Please note that we are not discussing who made the dirt, or who created the laws of nature. We are discussing how the world works now that it exists.

Not really, we are discussing how life began and whether it was by random chance or through intelligent design. We are not discussing how the world works now. Even if man dissassembles DNA to the point that Man himself can create new life forms from scratch, that will not prove the evolutionists belief that man came from random events rather than was designed. Likewise, even if man dissassembles physical processes to the point that Man himself can control the forces necessary to bring an entire universe into existence, that will not prove that our universe was happenstance rather than intelligent design.

It is a matter of implying that one should give up without a fight.

No it is a matter of stating unequivocally that one should not assume as fact that which he has extremely limited knowledge of.
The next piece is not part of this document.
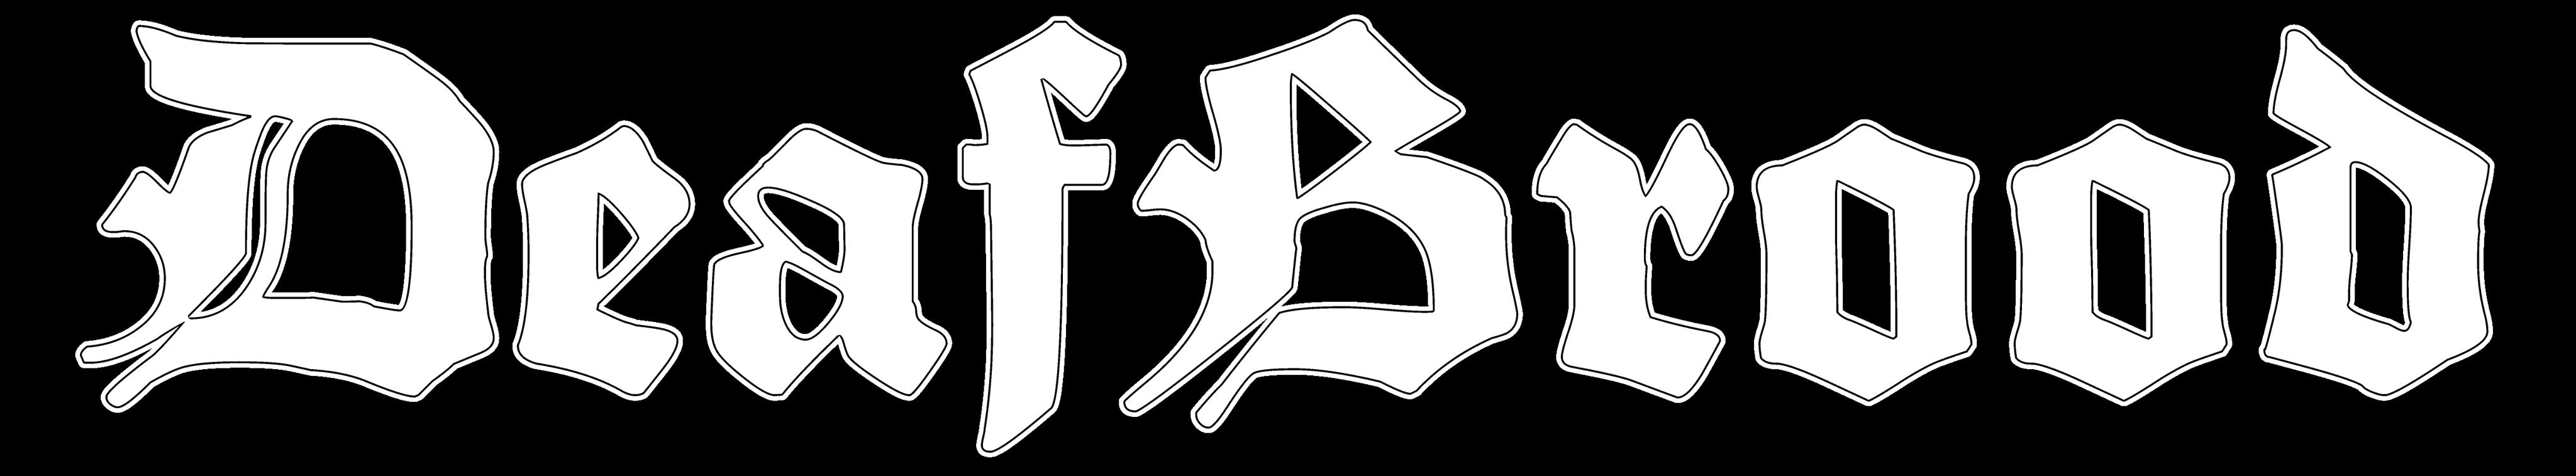 DeafBrood band logo white

Science is full of examples of such scientific arrogance and it harms the cause of science as well as Mankind. How many families had suspicions and split up because their child had the wrong eye color? According to 1970's genetics eye color was controlled by a single gene and and two people with recessive genes could not have a baby with different color eyes. Only now 30 years later, a humbler science admits that eye color is controlled by at least 4 different genes and that those four are not the complete list, there must be more factors.

We are barely starting to learn about the human genome, but evolutionists eager to defend their beliefs have already made enormous claims for DNA proving common descent. Even if we fully understood DNA, it would not prove that. Claims to that effect are simply bad science, a belief system attempting to usurp the name of science in it's defense.